-- Opening Marker --

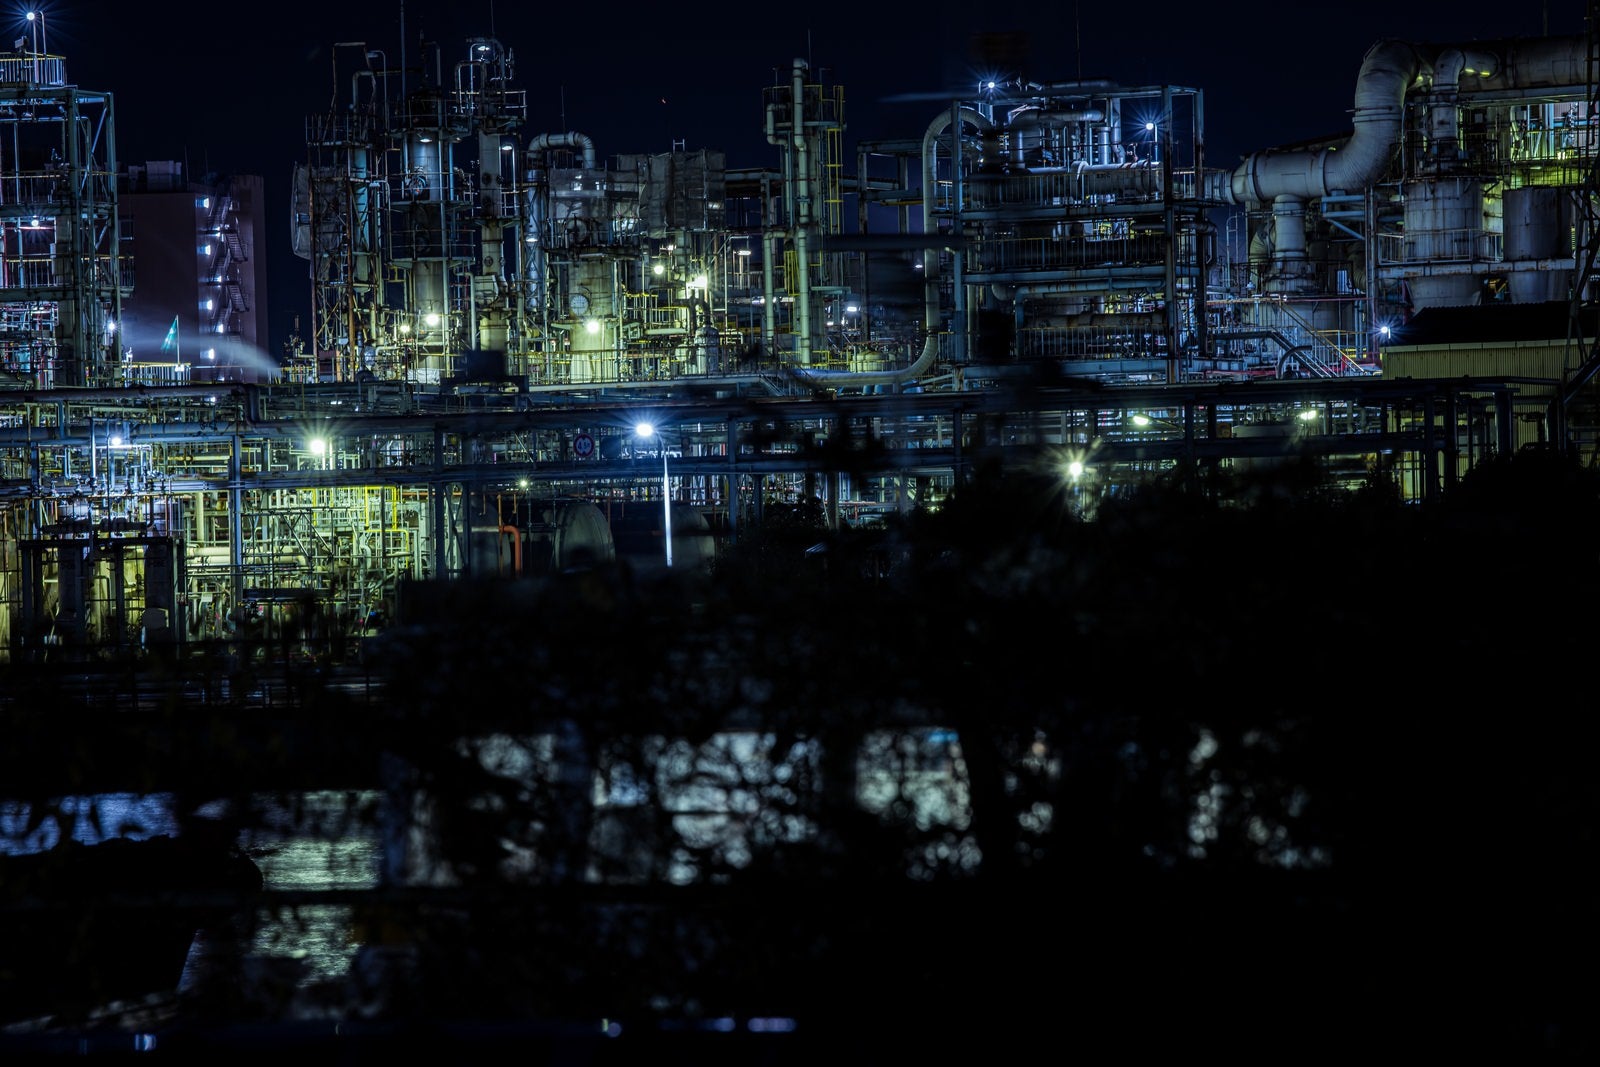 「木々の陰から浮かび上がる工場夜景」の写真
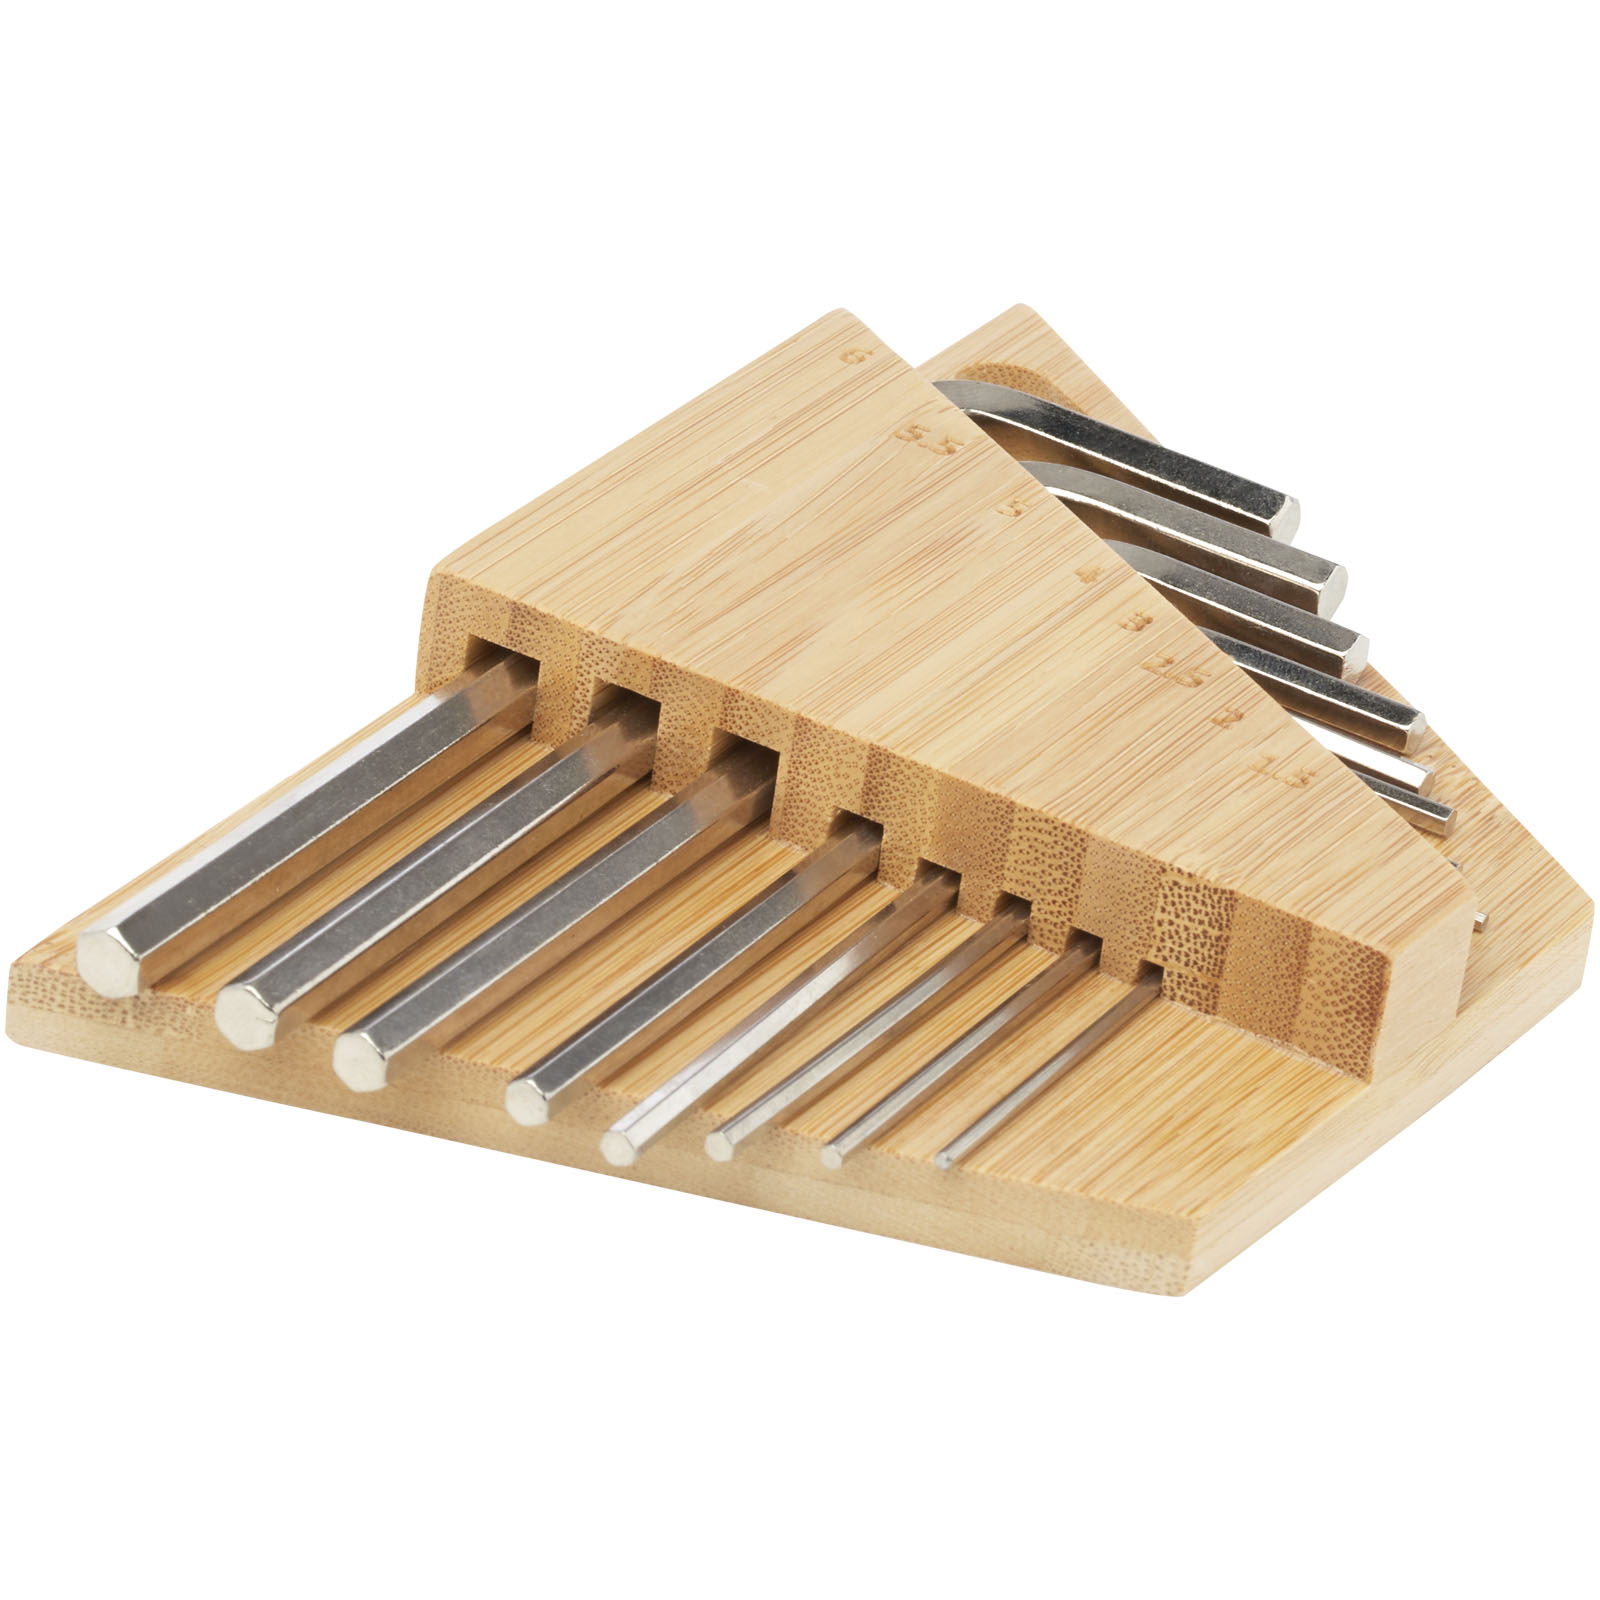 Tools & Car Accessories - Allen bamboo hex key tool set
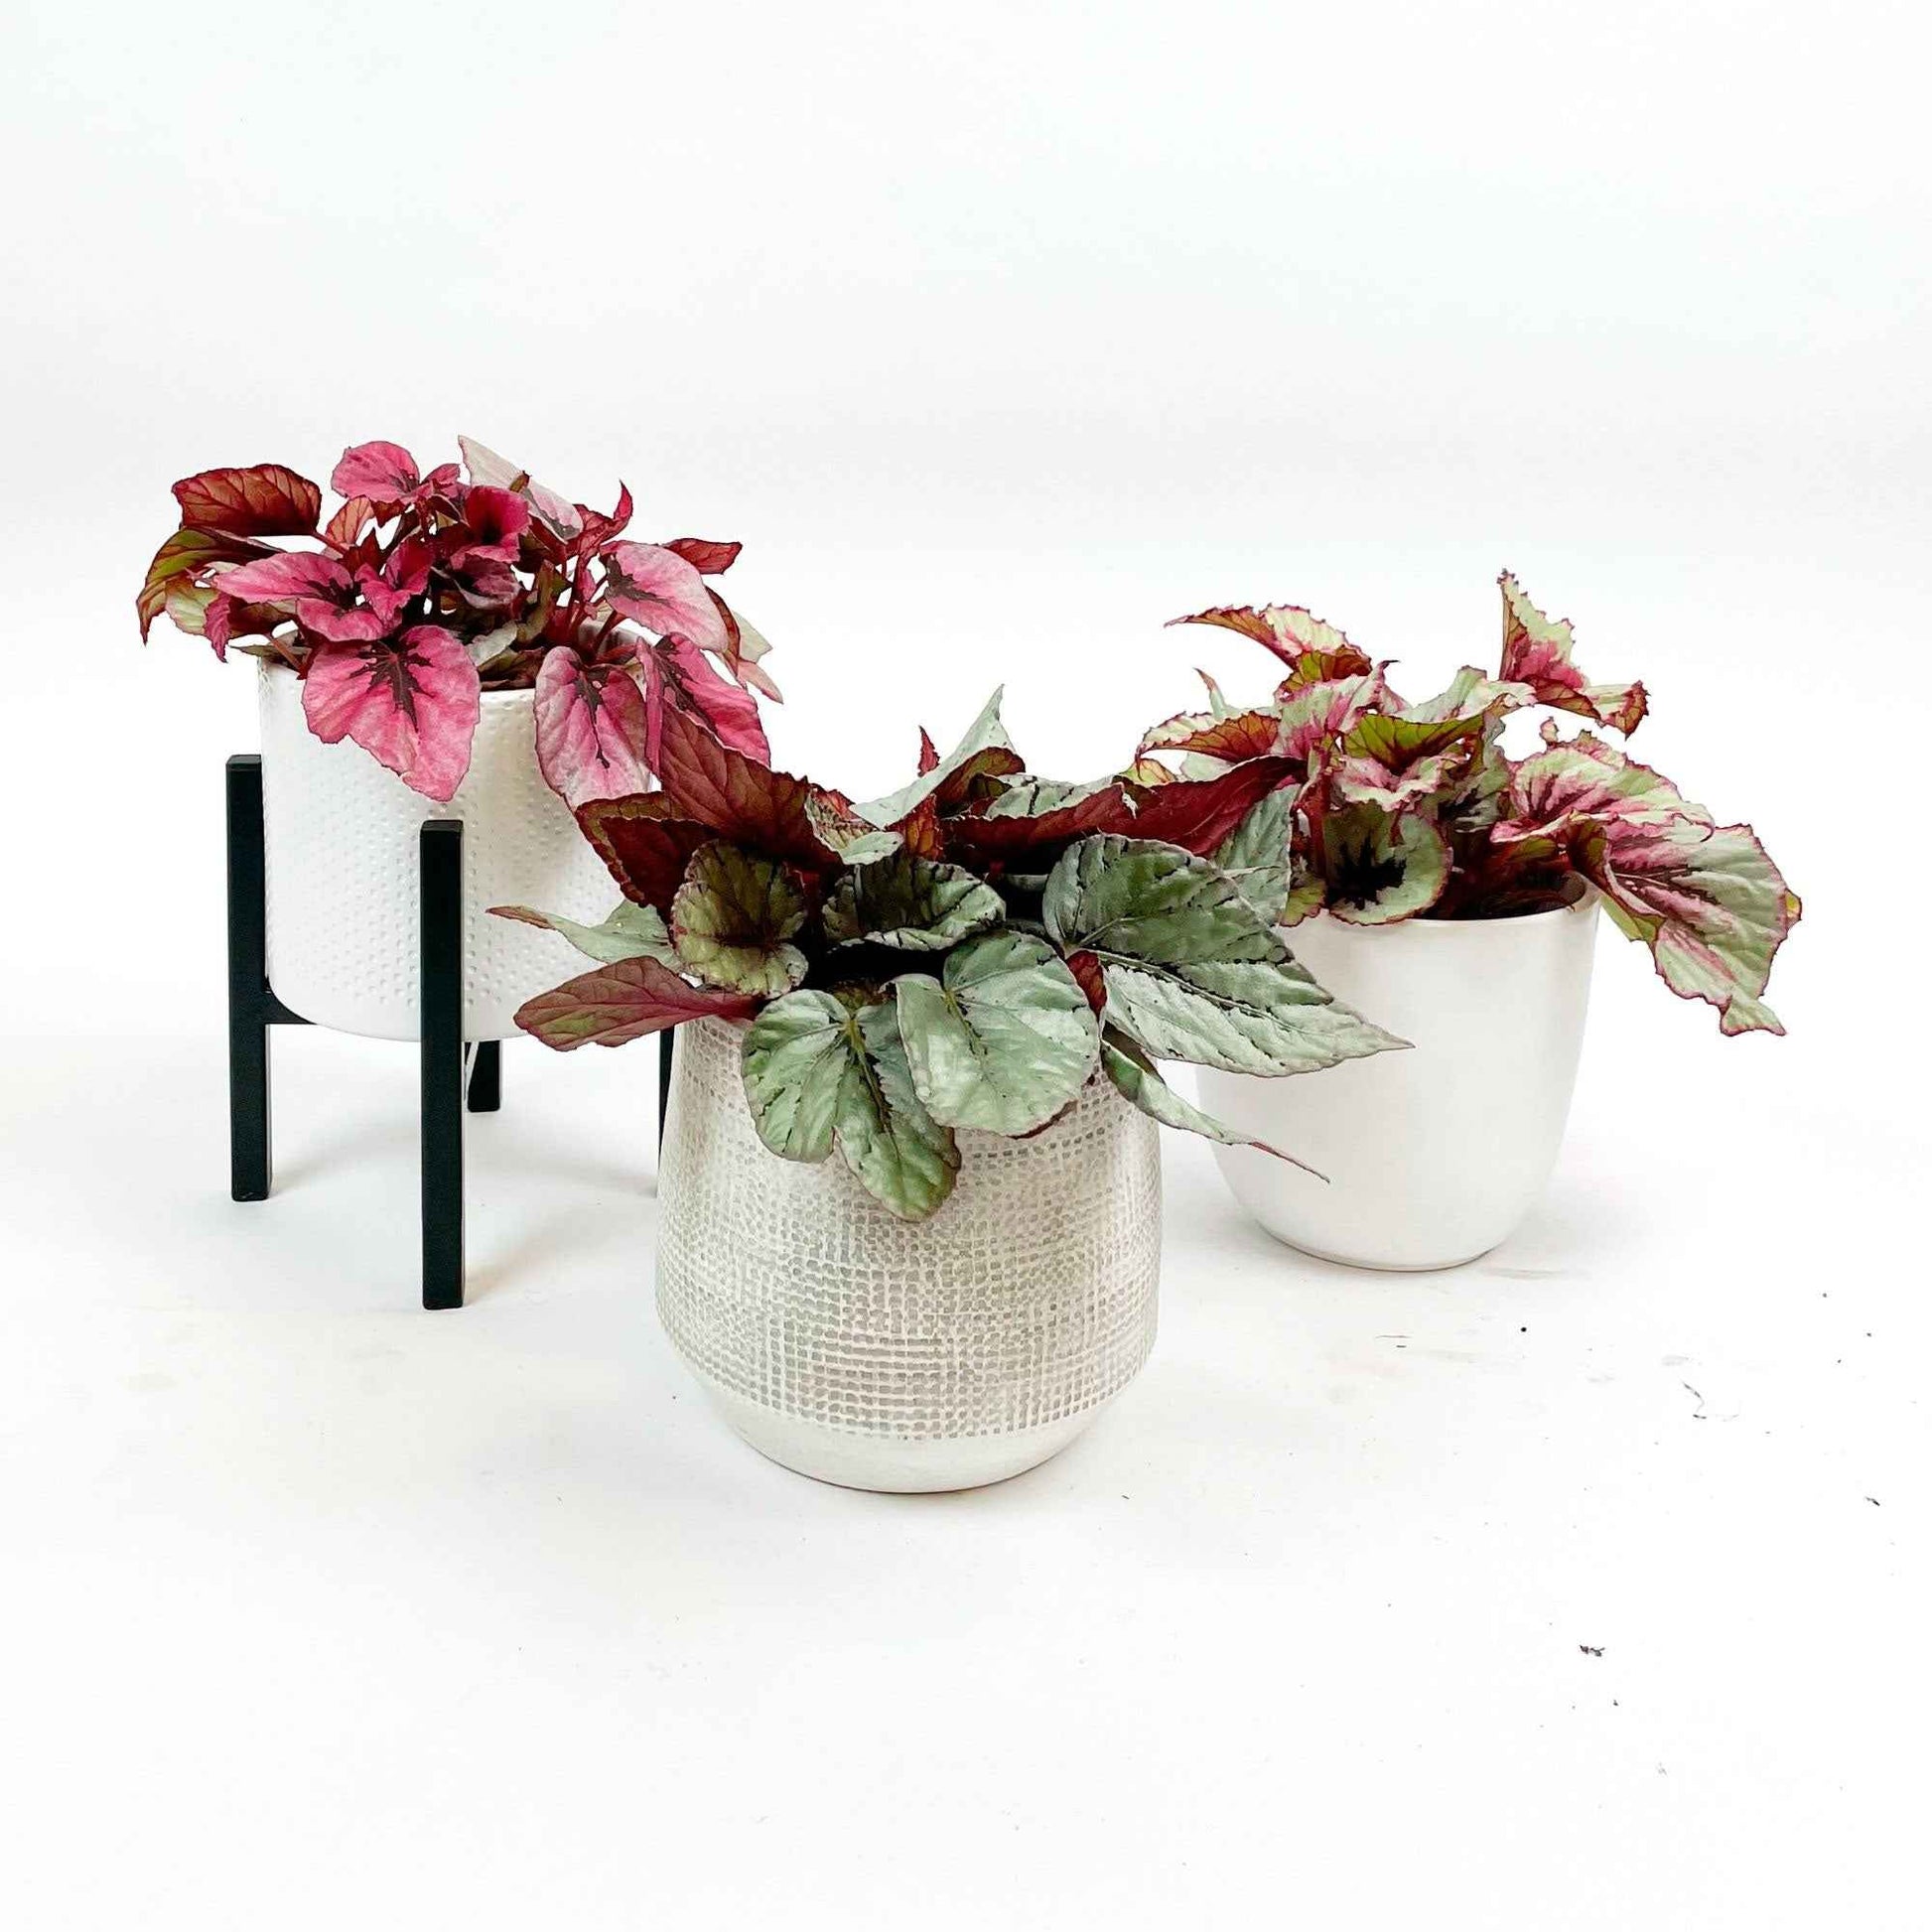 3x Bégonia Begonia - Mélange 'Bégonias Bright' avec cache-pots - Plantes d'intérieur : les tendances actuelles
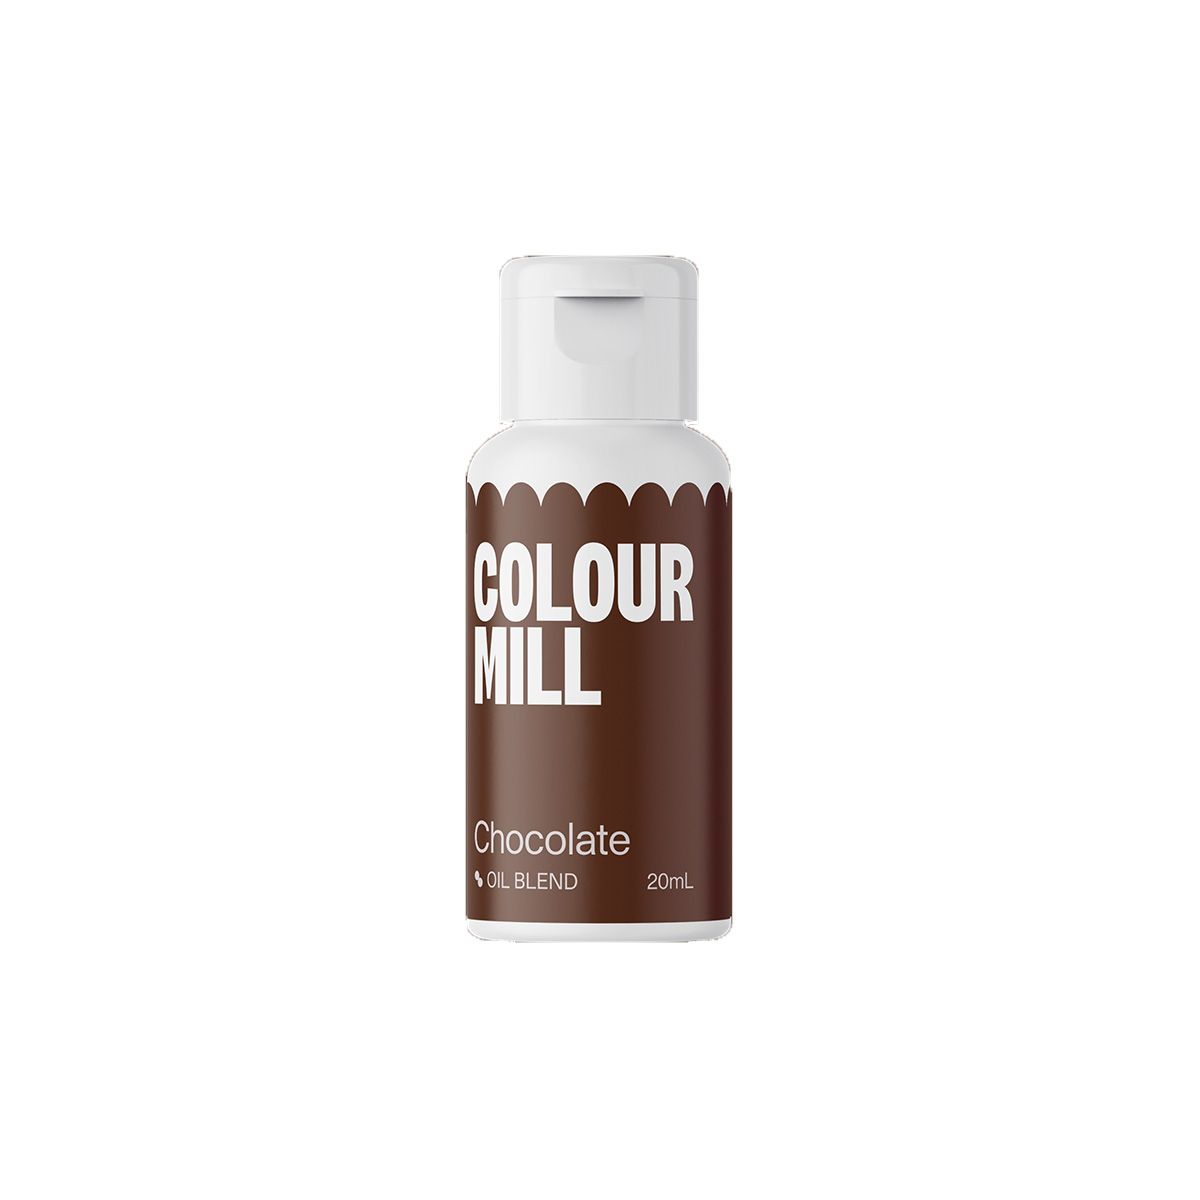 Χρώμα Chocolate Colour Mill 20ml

-- Closing Marker --

▶ [What the task asks] The expected output is the material above, repeated exactly and free of pictures.

▶ [Solution to the exercise]
 「木々の陰から浮かび上がる工場夜景」の写真
 Tools & Car Accessories - Allen bamboo hex key tool set
 3x Bégonia Begonia - Mélange 'Bégonias Bright' avec cache-pots - Plantes d'intérieur : les tendances actuelles
 Χρώμα Chocolate Colour Mill 20ml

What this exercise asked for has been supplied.